▸ **Your task**: If a line in the data below contains "Photo", copy it.

▸ **Given data**:
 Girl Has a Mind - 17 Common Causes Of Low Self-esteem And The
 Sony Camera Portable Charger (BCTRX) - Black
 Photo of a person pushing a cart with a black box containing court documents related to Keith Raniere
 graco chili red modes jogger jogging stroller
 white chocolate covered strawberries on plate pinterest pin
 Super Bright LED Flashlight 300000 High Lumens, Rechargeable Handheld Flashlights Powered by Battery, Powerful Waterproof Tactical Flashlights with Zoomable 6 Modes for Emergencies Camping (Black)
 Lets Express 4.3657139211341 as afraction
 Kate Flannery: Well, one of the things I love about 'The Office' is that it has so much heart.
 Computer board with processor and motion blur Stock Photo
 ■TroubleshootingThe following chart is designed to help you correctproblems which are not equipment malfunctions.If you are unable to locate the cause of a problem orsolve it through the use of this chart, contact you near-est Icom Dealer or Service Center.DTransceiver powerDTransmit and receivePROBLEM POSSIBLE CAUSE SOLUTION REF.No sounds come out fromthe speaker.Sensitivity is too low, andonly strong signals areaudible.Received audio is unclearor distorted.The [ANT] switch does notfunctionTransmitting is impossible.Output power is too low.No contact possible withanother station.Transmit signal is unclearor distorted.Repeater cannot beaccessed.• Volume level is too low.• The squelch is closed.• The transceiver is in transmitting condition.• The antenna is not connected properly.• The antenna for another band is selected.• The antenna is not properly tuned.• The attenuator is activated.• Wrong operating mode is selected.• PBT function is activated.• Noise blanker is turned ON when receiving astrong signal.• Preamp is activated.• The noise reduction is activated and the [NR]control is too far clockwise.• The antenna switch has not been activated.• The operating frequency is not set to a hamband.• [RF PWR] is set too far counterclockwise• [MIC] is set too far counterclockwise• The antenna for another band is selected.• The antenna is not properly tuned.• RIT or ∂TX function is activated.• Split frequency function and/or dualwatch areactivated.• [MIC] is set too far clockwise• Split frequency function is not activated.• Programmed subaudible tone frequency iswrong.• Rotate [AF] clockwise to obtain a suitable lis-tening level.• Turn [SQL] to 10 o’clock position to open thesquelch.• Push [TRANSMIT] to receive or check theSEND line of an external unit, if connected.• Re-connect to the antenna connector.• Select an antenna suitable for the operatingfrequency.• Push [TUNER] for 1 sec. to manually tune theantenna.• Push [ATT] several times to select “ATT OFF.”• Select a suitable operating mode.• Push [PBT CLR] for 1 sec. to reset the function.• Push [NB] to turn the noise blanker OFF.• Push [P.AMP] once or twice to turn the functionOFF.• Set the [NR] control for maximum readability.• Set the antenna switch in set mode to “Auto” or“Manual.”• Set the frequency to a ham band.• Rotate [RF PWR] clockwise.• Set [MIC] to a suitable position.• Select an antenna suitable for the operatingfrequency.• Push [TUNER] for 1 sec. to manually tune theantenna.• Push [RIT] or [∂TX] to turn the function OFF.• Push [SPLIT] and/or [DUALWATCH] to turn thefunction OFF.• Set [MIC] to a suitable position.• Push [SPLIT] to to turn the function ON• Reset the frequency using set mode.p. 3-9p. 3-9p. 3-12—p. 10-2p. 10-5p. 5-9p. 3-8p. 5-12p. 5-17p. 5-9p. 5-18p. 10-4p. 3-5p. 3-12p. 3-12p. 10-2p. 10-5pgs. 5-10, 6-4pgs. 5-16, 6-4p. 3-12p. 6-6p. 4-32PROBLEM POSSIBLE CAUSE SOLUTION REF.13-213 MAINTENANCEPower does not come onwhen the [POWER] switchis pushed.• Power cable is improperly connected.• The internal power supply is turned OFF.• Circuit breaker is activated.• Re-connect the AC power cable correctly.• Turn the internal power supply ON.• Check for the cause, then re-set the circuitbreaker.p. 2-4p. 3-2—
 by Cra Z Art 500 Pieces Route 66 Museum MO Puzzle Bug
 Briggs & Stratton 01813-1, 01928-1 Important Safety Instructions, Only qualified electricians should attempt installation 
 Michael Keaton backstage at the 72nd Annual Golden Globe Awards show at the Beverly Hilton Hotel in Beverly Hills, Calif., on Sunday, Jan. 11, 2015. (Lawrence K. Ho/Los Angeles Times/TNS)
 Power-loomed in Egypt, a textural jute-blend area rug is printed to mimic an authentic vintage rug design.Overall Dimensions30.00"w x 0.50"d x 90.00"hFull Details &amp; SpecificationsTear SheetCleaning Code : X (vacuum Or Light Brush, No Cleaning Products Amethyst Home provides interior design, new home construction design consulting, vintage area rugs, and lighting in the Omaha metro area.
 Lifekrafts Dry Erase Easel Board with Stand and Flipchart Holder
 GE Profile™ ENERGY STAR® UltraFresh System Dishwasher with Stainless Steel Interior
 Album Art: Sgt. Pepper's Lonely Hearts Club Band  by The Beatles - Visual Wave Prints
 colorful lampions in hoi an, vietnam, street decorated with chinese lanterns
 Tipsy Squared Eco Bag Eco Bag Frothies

▸ **Exercise result**:
 Photo of a person pushing a cart with a black box containing court documents related to Keith Raniere
 Computer board with processor and motion blur Stock Photo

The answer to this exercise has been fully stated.